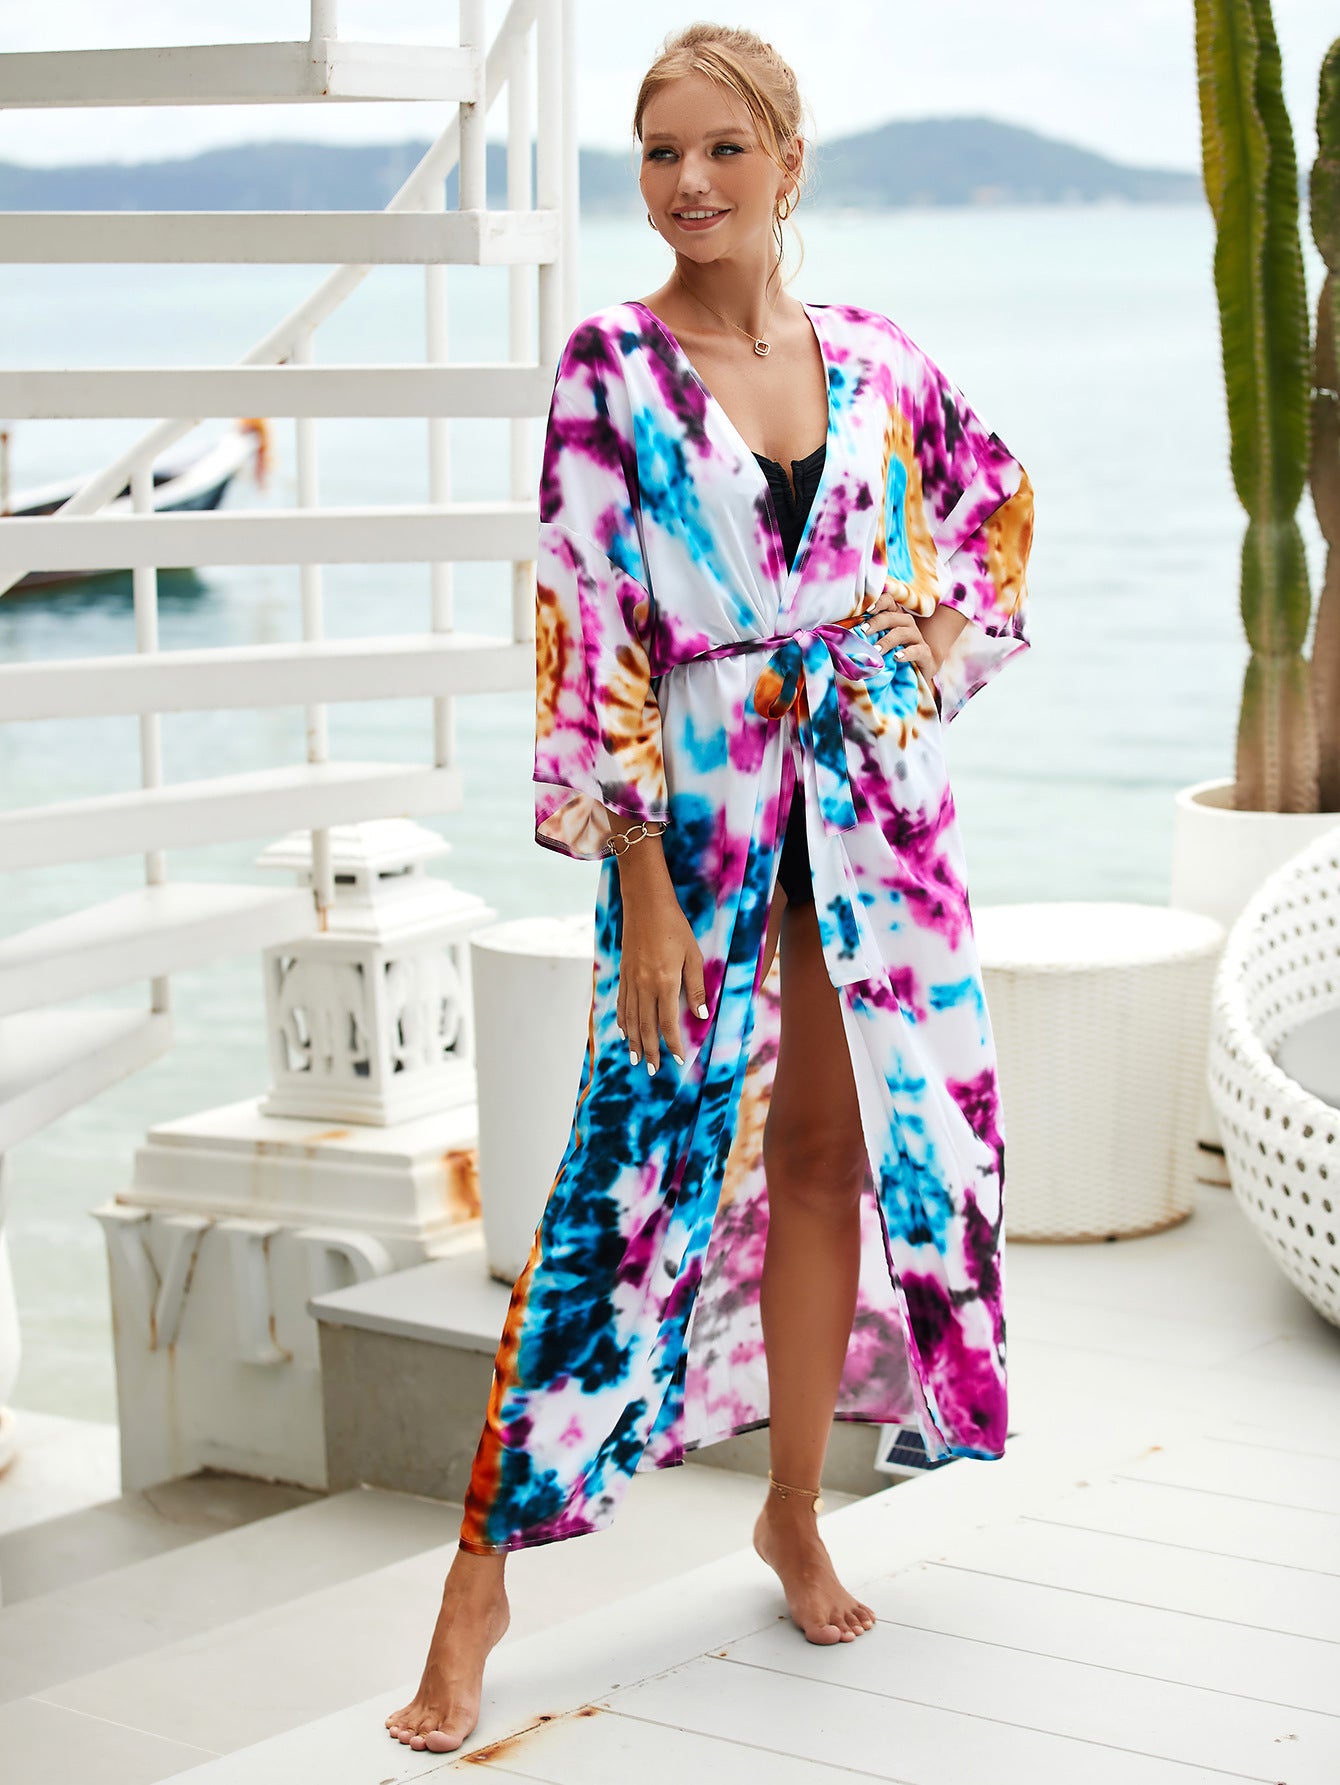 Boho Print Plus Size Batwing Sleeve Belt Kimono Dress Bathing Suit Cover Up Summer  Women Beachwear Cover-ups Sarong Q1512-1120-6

---

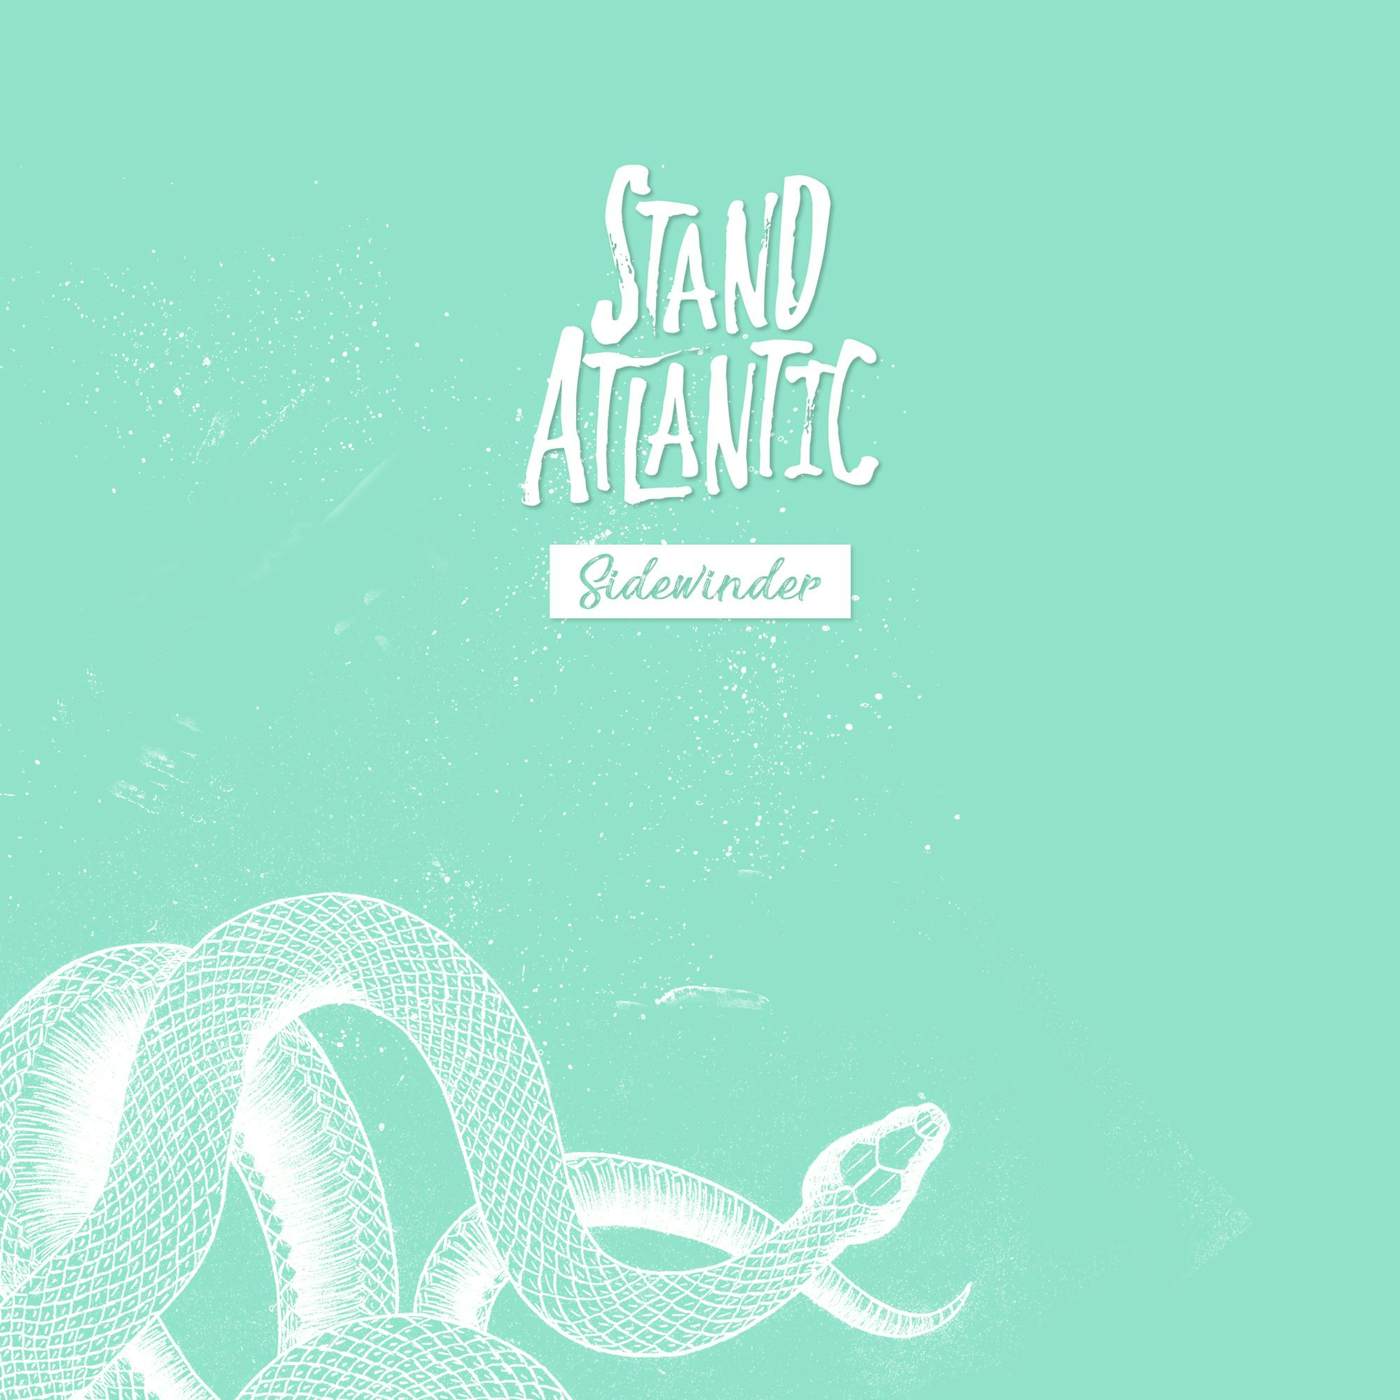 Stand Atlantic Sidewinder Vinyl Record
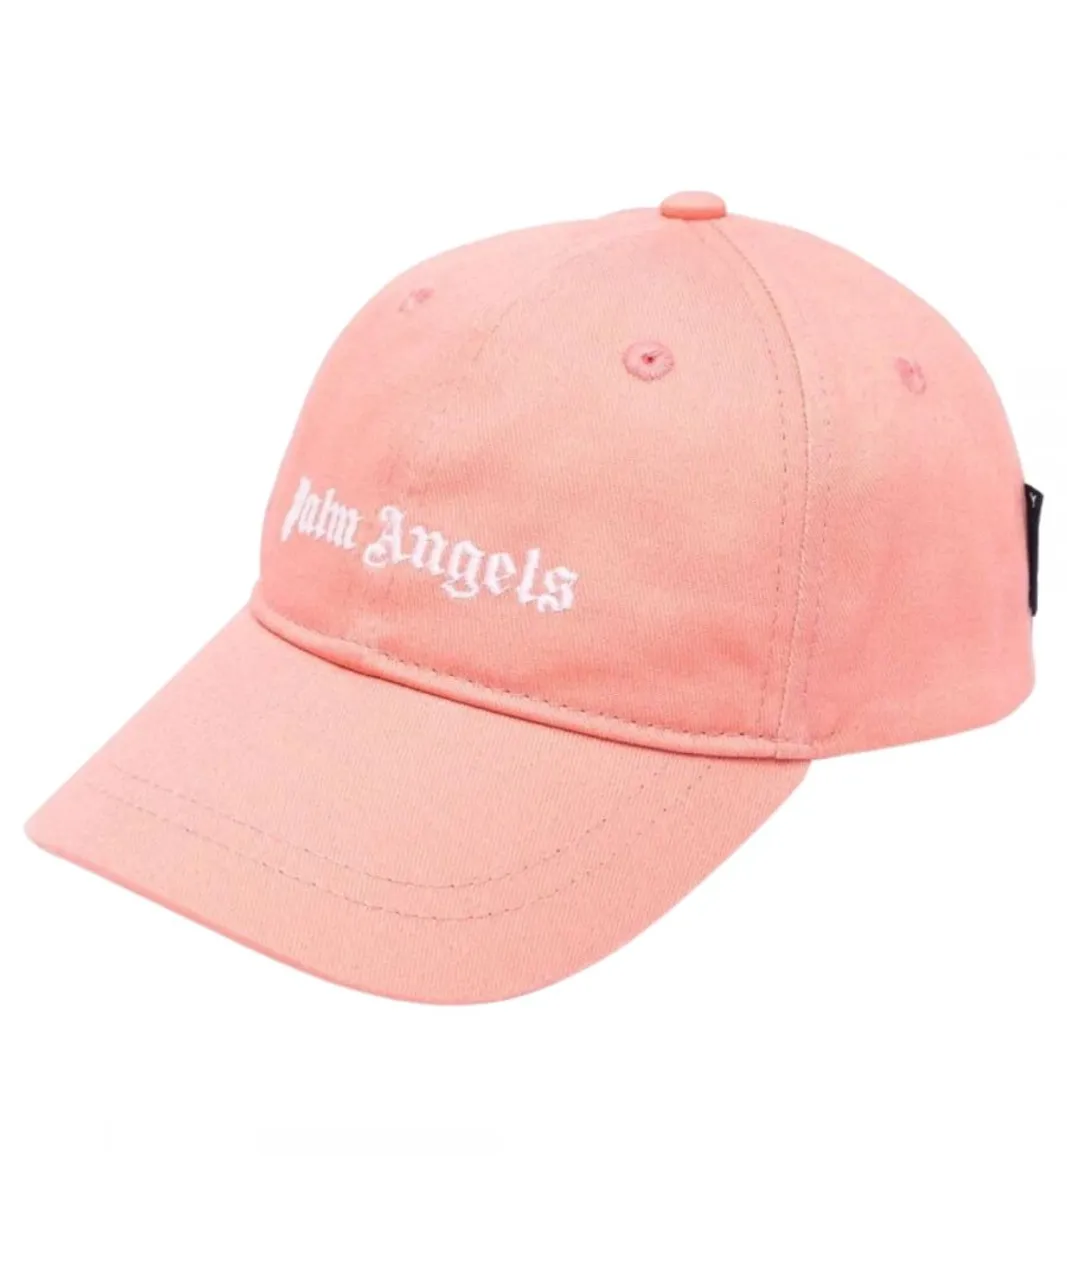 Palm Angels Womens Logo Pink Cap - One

ABOUT THIS EXERCISE - Leave out every picture, and copy exactly the lines above starting at the one holding "Stand Atlantic Sidewinder Vinyl Record" and ending at the one holding "Palm Angels Womens Logo Pink Cap - One", no more and no less.

TASK OUTPUT -
 Stand Atlantic Sidewinder Vinyl Record
 Palm Angels Womens Logo Pink Cap - One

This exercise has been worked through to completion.